Replace xxx with actual values and make sure the database is setup according to the Debezium connectors requirements.
connections {
dbz-conn {
type = DebeziumConnection
dbEngine = "postgresql"
hostname = "xxx"
db = "xxx"
port = 5432
authMode {
type = BasicAuthMode
user = "xxx"
password = "xxx"
}
}
}
dataObjects {
do-source {
type = DebeziumCdcDataObject
connectionId = dbz-conn
table {
db = "xxx"
name = "xxx"
}
debeziumProperties {
"plugin.name" = "pgoutput"
"schema.history.internal" = "io.debezium.storage.file.history.FileSchemaHistory"
"schema.history.internal.file.filename" = "xxx"
}
}
do-target {
type = ParquetFileDataObject
path = "xxx"
}
}
actions {
ingest {
type = CopyAction
inputId = do-source
outputId = do-target
executionMode {
type = DataObjectStateIncrementalMode
}
metadata.feed = "ingest"
}
}
Current limititations
While powerful, the integration of SDLB with Debezium does present some specific limitations:
-
Missing Connectors: Currently, the SDLB-Debezium integration does not natively support all Debezium connectors.
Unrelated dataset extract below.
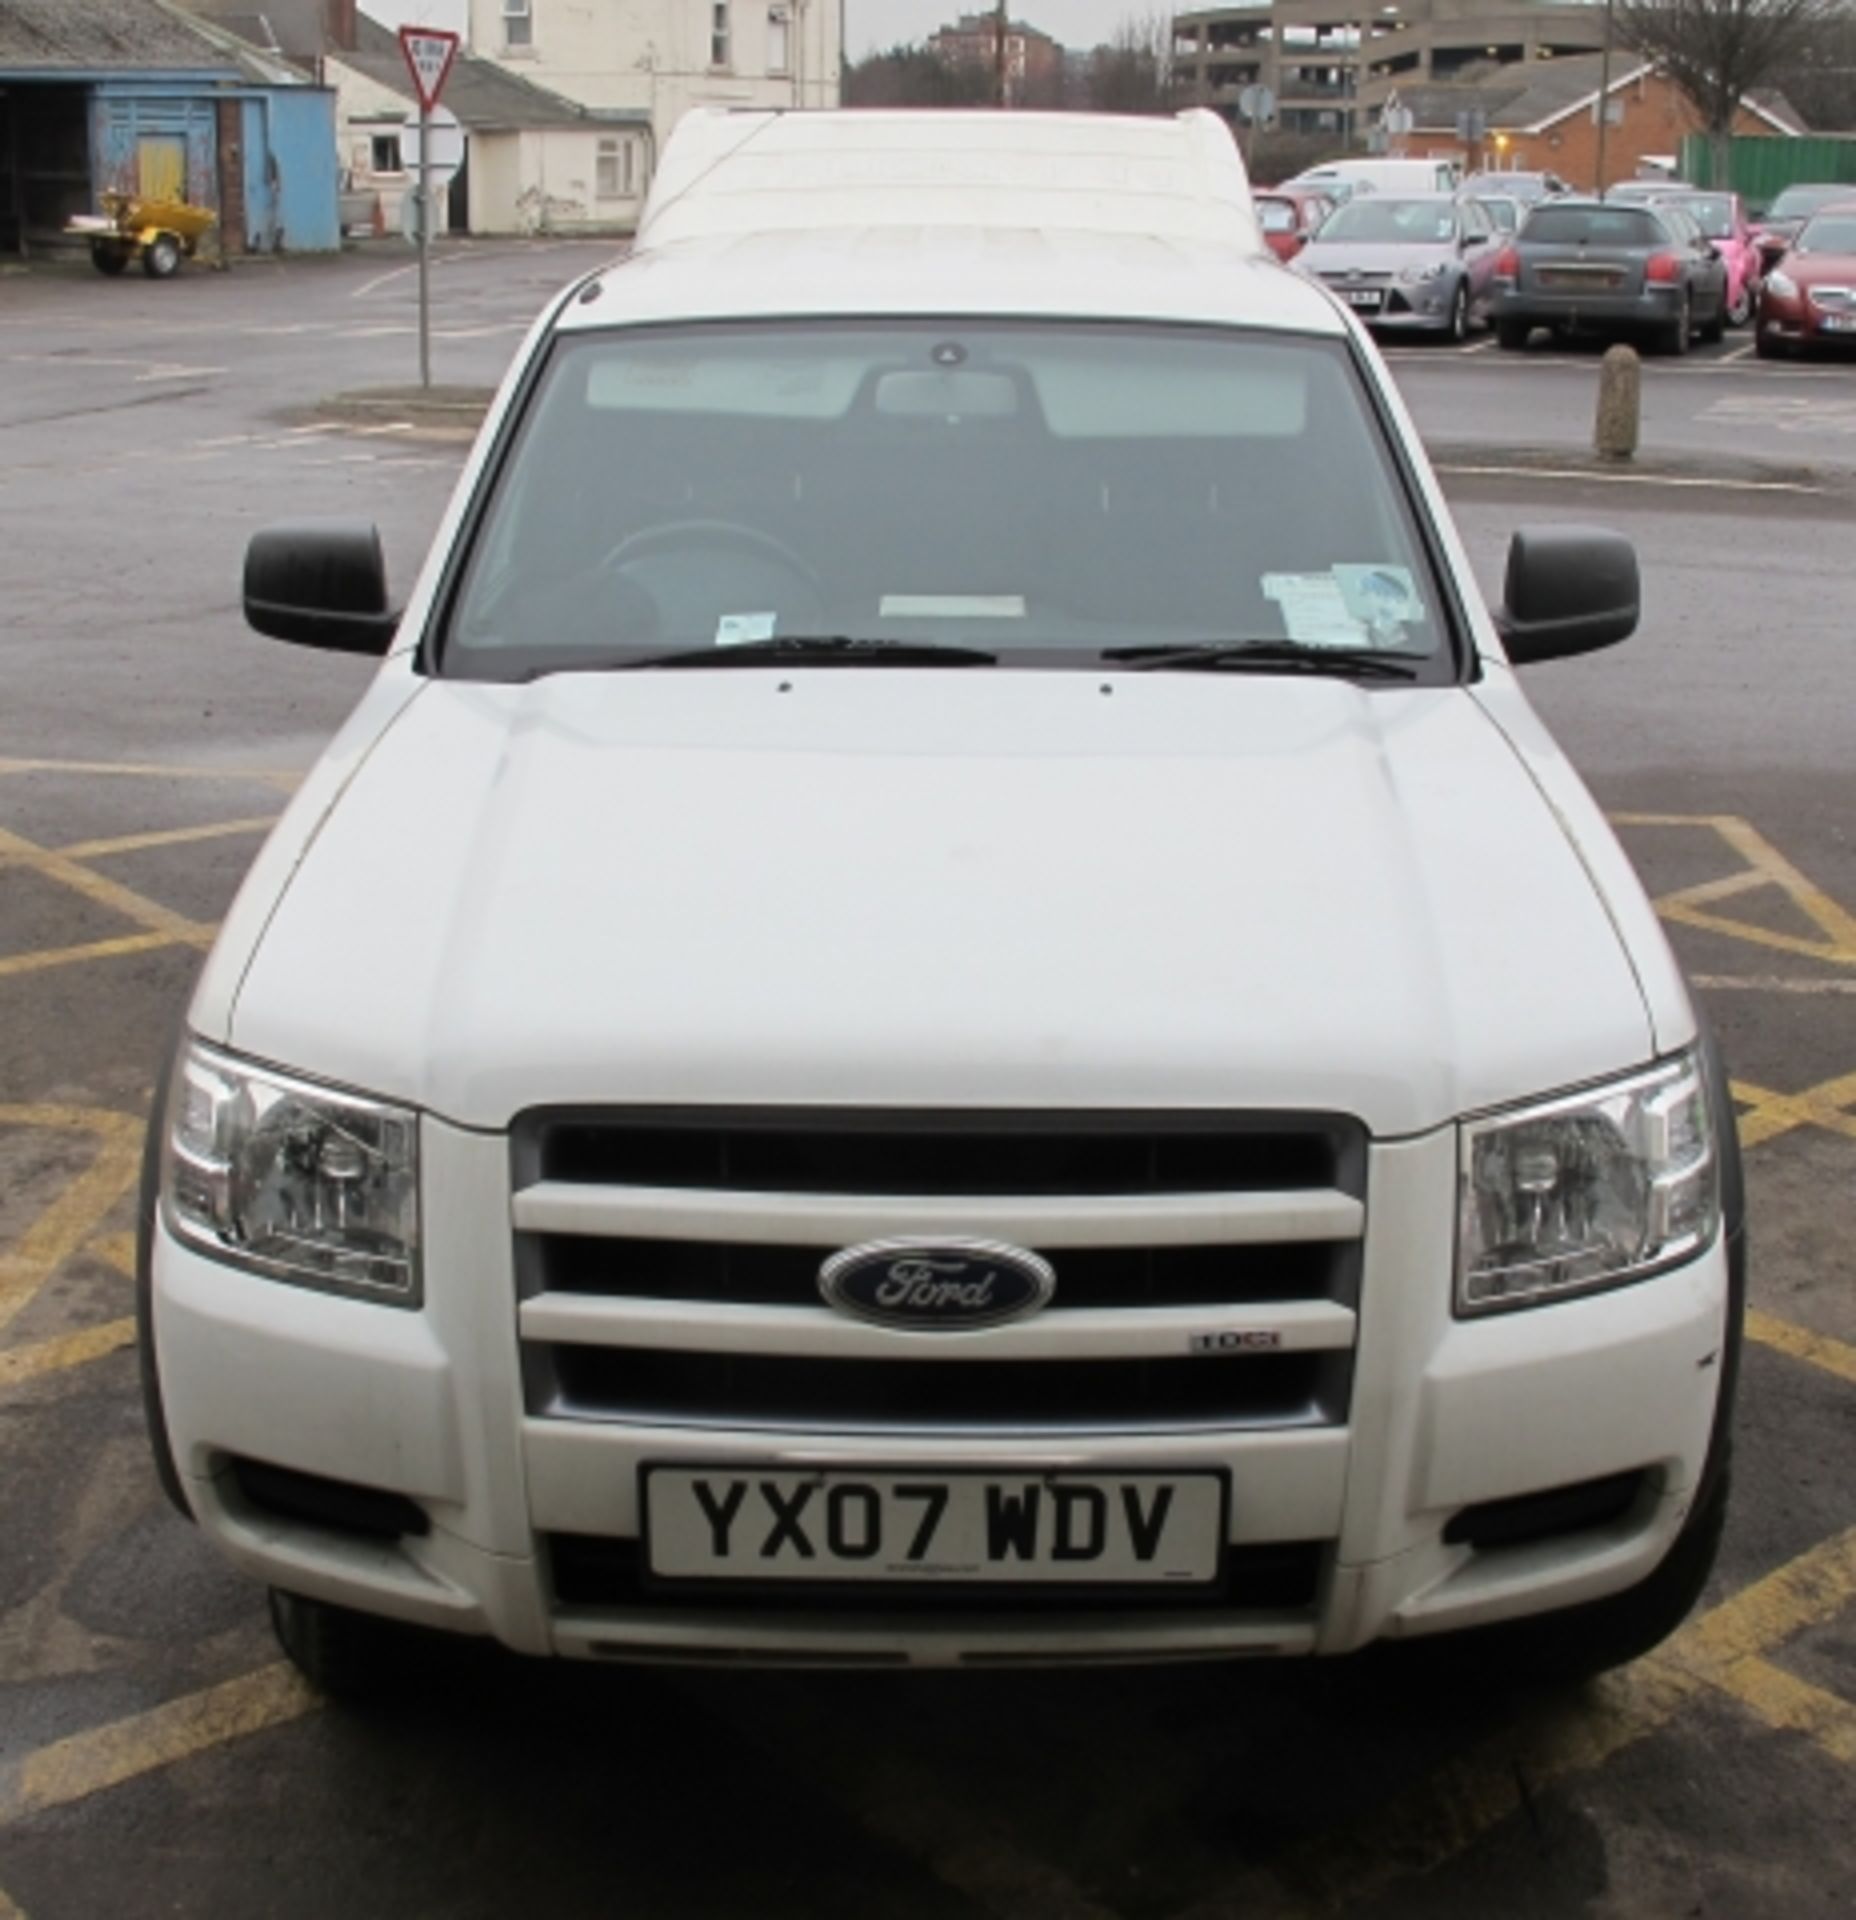 * Ford Ranger 2.5TDCI 4WD Crew Cab Pick Up with Rear Canopy & Ball Hitch, Reg YX07 WDV,

Databases such as Vitess, MongoDB, Spanner, and Cassandra are currently not supported.
-
Dependency Conflicts: For certain database connectors, particularly MySQL and MariaDB, integrating with SDLB + Spark led to dependency conflicts. Therefore the use of the "shaded" Connector JARs for these connectors is needed. They bundle the debezium dependencies to avoid clashes with SDLB's existing libraries.
-
Cold Start Problem with Schema Inference: A common issue arises during a "cold start" when SDLB attempts to read the schema from a table that does not have any CRUD change events and the Debezium Engine doesn't receive a record. This prevents SDLB from inferring the schema in the dag init phase. necessary to process subsequent data. The solution involves defining a schemaMin property on the Debezium data object within SDLB's configuration, ensuring that SDLB has a minimum schema definition even without an initial data record for inference.